» **Supplied material**
........

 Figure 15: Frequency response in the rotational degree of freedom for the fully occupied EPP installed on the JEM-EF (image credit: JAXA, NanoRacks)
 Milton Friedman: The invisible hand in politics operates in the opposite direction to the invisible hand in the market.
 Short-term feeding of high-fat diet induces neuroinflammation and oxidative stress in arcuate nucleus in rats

........

» **Problem requirements**
The material shown above must be written out again in full, exactly as it reads.

» **Finished task**
 Figure 15: Frequency response in the rotational degree of freedom for the fully occupied EPP installed on the JEM-EF (image credit: JAXA, NanoRacks)
 Milton Friedman: The invisible hand in politics operates in the opposite direction to the invisible hand in the market.
 Short-term feeding of high-fat diet induces neuroinflammation and oxidative stress in arcuate nucleus in rats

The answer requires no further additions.